3. Rsvmtest.cpp -- contains the main function for testing a RSVM model obtained by Rsvm.
4. chunk.cpp (chunk.h) -- contains chunking-related codes including termination criteria evaluation
5. direction.cpp (direction.h) -- codes for finding the searching direction (gradient descent)
6. linesearch.cpp (linesearch.h) -- codes related to the (exact or inexact) line search along the obtained searching direction
7. newsvm.cpp (newsvm.h) -- call functions in direction.cpp and linesearch.cpp to perform a gradient descent method to
solve RSVM
8. valuecomput.cpp (valuecomput.h) -- contains all required function evaluations, such as lagragian function evaluation,
gradient evaluation, etc required in all other cpp files.

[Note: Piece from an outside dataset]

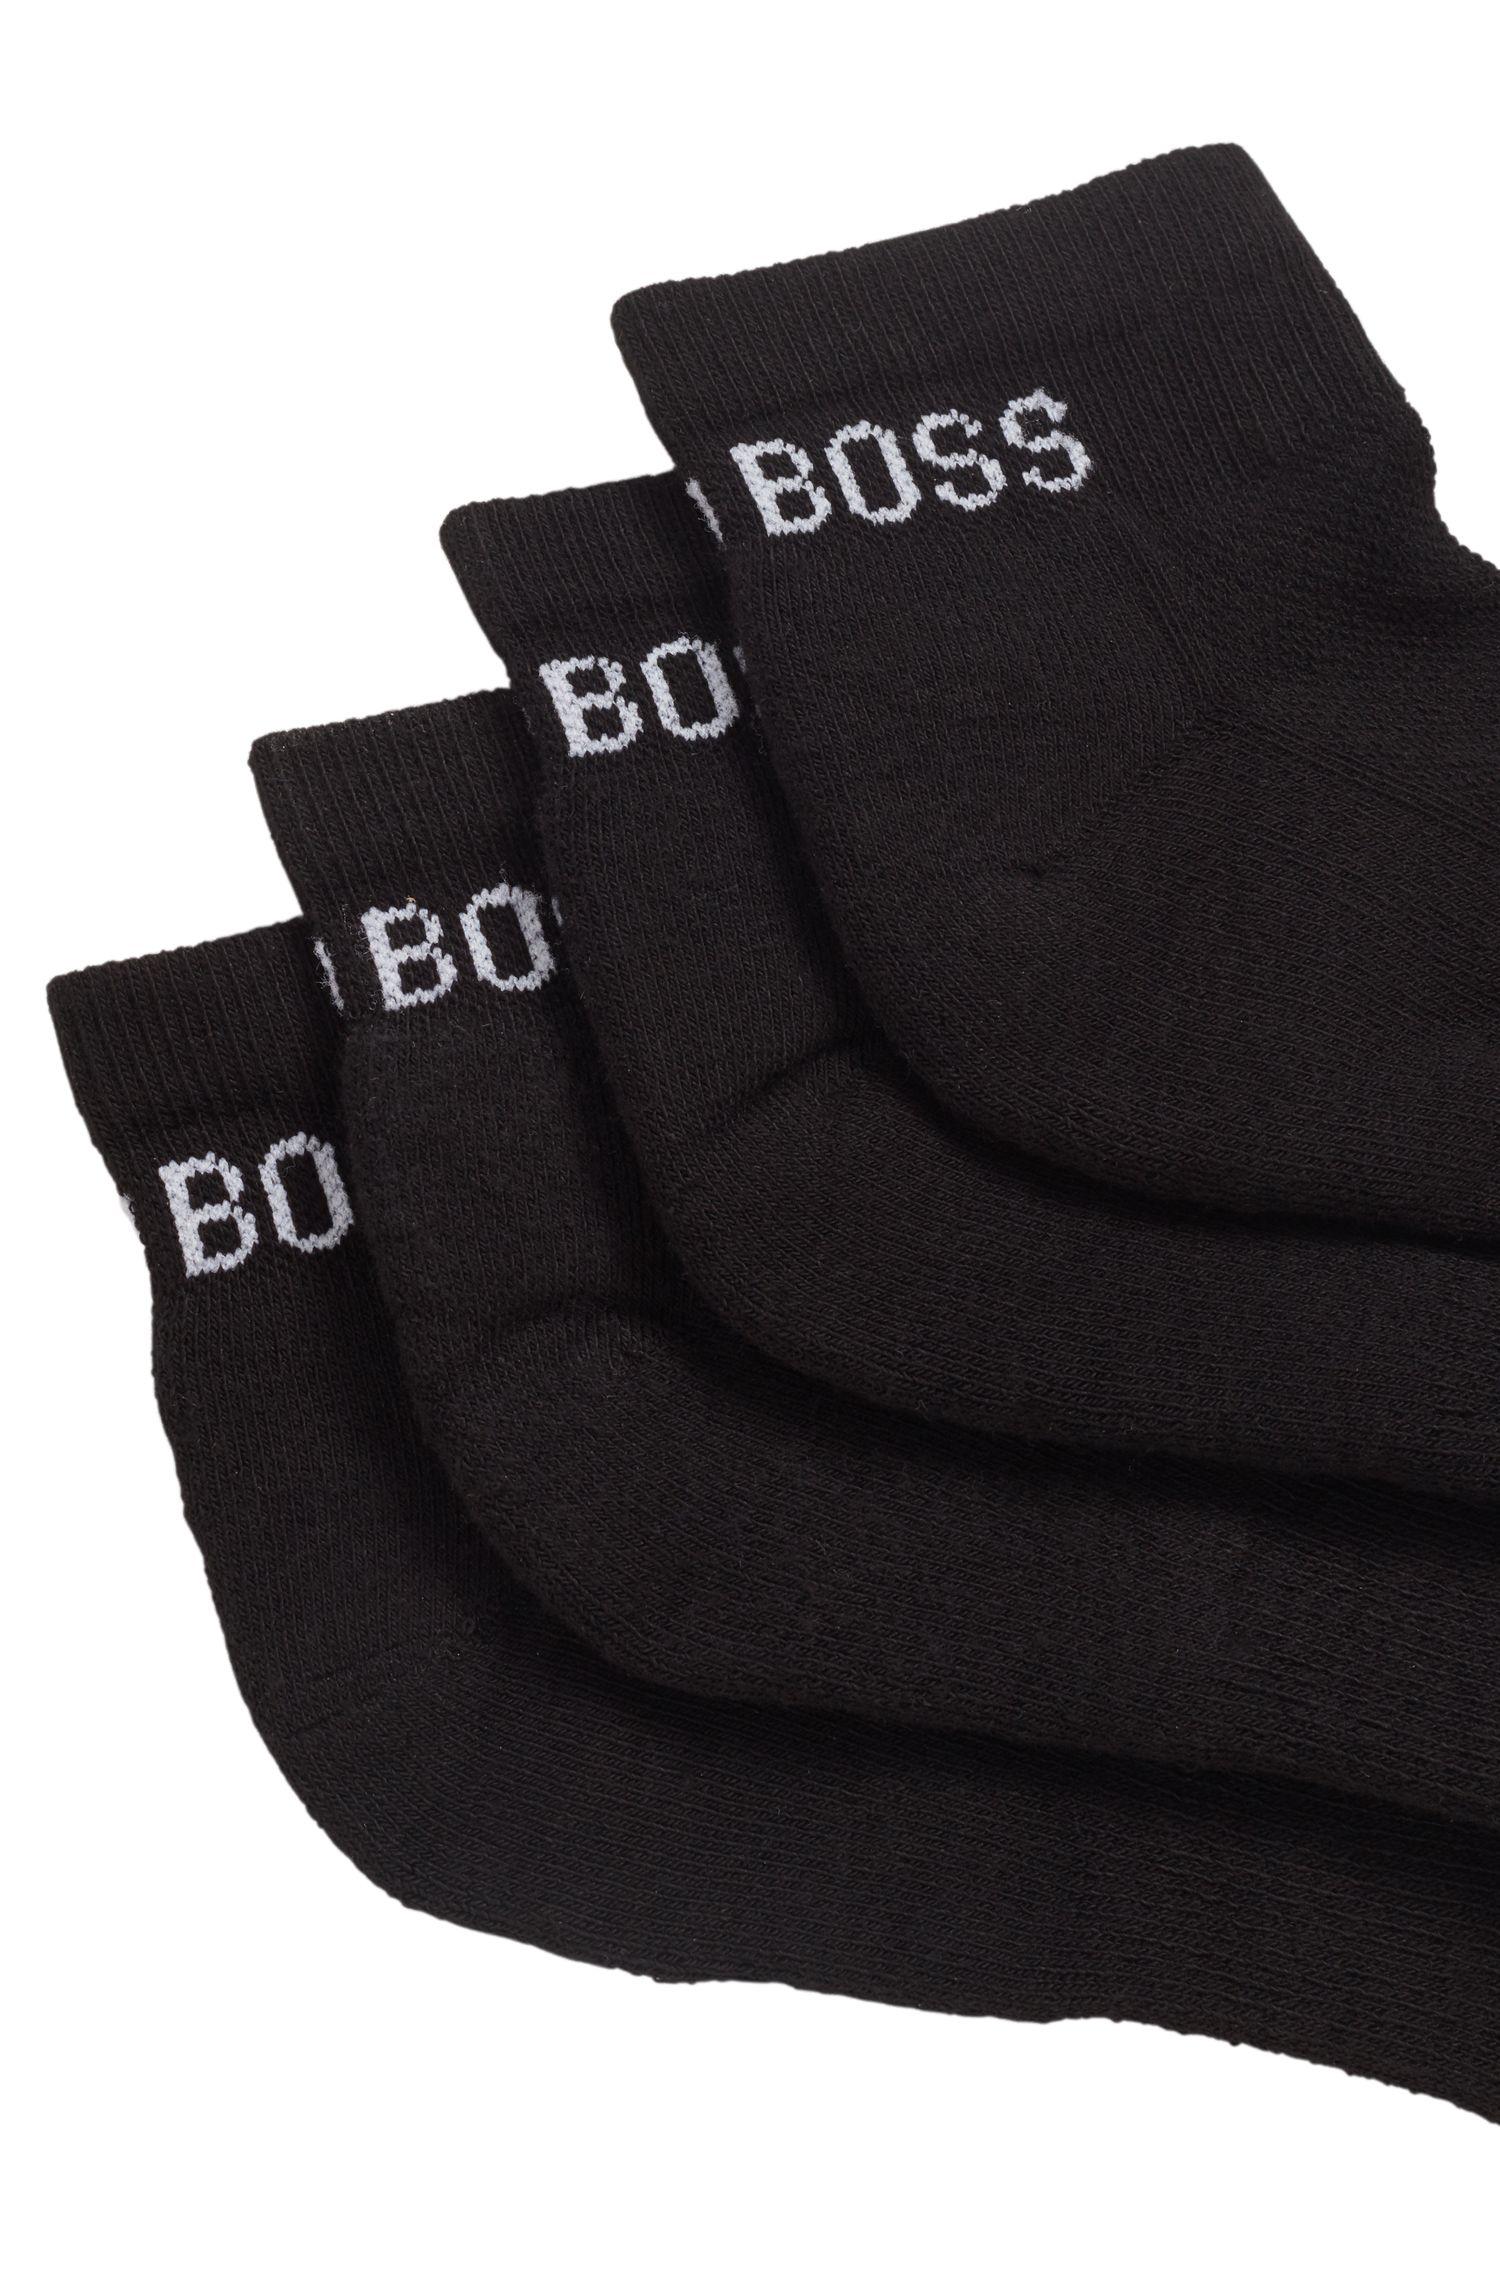 Zweier-Pack gepolsterte Sneakers-Socken aus elastischem Baumwoll-Mix, Schwarz
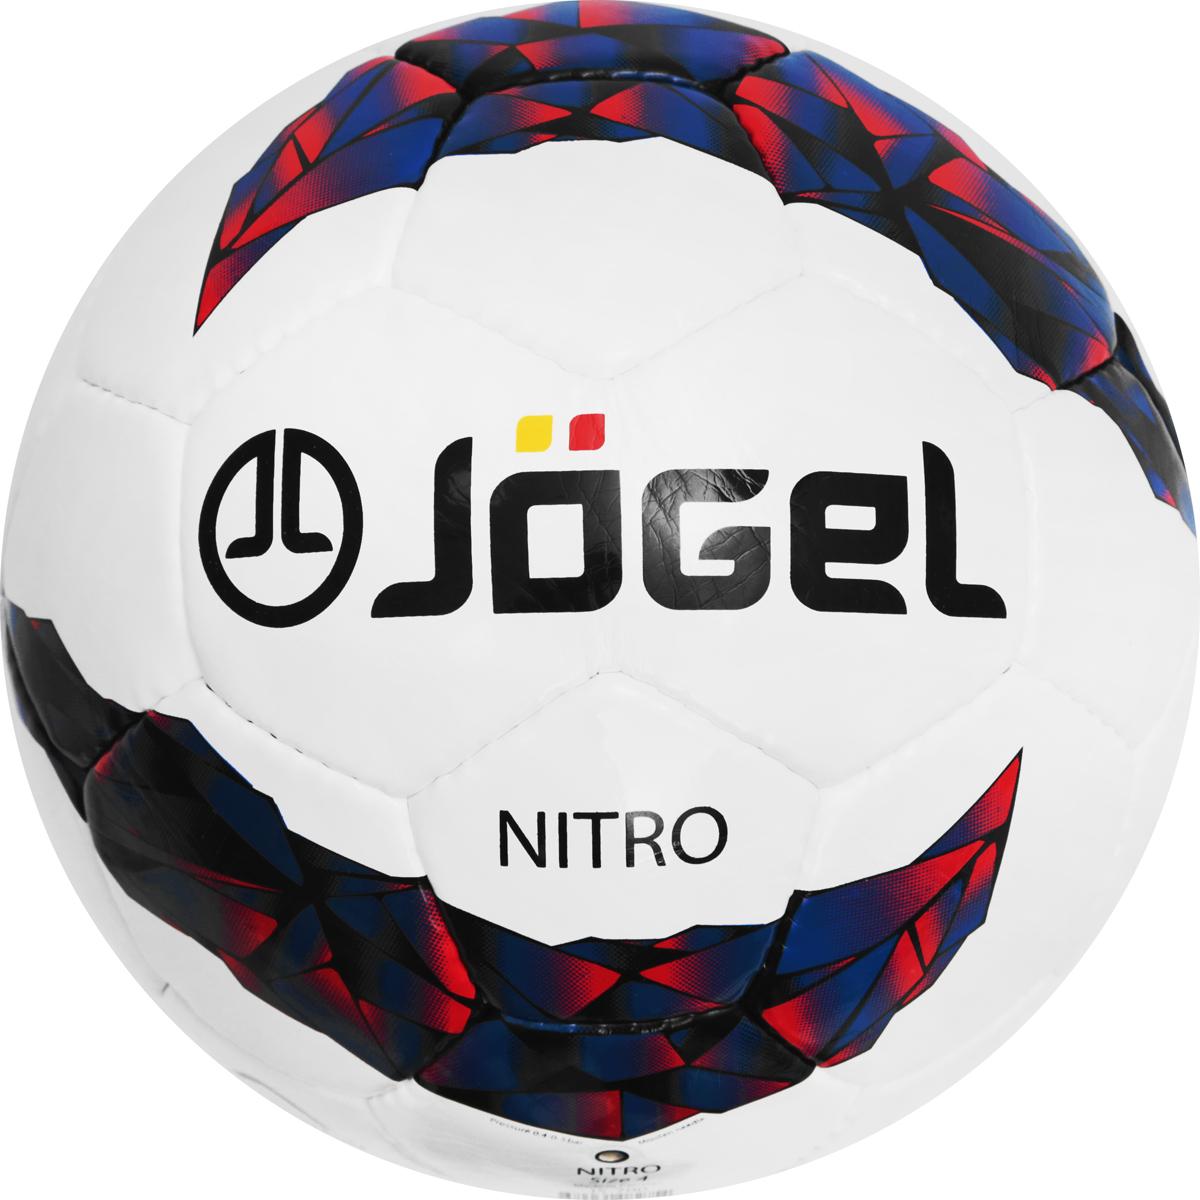 Мяч футбольный Jogel Nitro, цвет: белый, синий, красный. Размер 4. JS-700УТ-00009740Футбольный мяч Jogel Nitro превосходно подходит для тренировочного уровня. Он имеет прочную покрышку из синтетической кожи, сшитой вручную. Мяч имеет отличные технические характеристики, соответствующие требованиям тренировочного процесса. Размер мяча предназначается для тренировок детей в возрасте от 8 до 12 лет. Данный мяч рекомендован для тренировок и тренировочных игр клубных и любительских команд. Поверхность мяча выполнена из глянцевой синтетической кожи (полиуретан) толщиной 1,2 мм. Мяч имеет 4 подкладочных слоя на нетканой основе (смесь хлопка с полиэстером) и оснащен латексной камерой с бутиловым ниппелем, обеспечивающим долгое сохранение воздуха в камере. Мяч Jogel Nitro станет отличным выбором для тренировок и проведения любительских матчей.Вес: 350-390 гр.Длина окружности: 63,5-66 см.Рекомендованное давление: 0.6-0.8 бар.УВАЖАЕМЫЕ КЛИЕНТЫ!Обращаем ваше внимание на тот факт, что мяч поставляется в сдутом виде. Насос в комплект не входит.

9. kernel.cpp (kernel.h) -- compute or prepare the kernel matrix used in no-chunking or chunking mode.
10. getin.cpp (getin.h) -- I/O related functions to get in data or output models.
Sample data files:
11. toy.txt -- 9 examples in 2-dimensional space with 5 examples labelled as +1 and 4 examples labelled as -1.
12. toykernel.txt -- the kernel matrix computed as x_i'x_j+1 on the 9 examples in toy.txt.
13. toytest.txt -- 9 examples in 2-dimensional space with 5 examples in one class (+1) and 4 examples in the other class (-1).
Others:
14. README -- this README file
Installation:
Download RSVM.zip, and Using
unzip RSVM.zip
will generate a directory RSVM with all source codes and sample data in the directory.
1. Unix:
1.1 Executing
make all
generates Rsvm (for training) and Rsvmtest (for test) executable programs
and all objective files (with extension name .o)
1.2 Executing
make Rsvm
generates Rsvm executable file for training RSVM on training data and corresponding
intermediate files
1.3 Executing
make Rsvmtest
generates Rsvmtest executable file for testing an obtained model by running Rsvm
on test data, and corresponding intermediate files
1.4 Executing
make cc
eliminates all intermediate files (.o files) to save space
1.5 Executing
make clean
eliminates all intermediate files (.o files) and executable programs (Rsvm and Rsvmtest)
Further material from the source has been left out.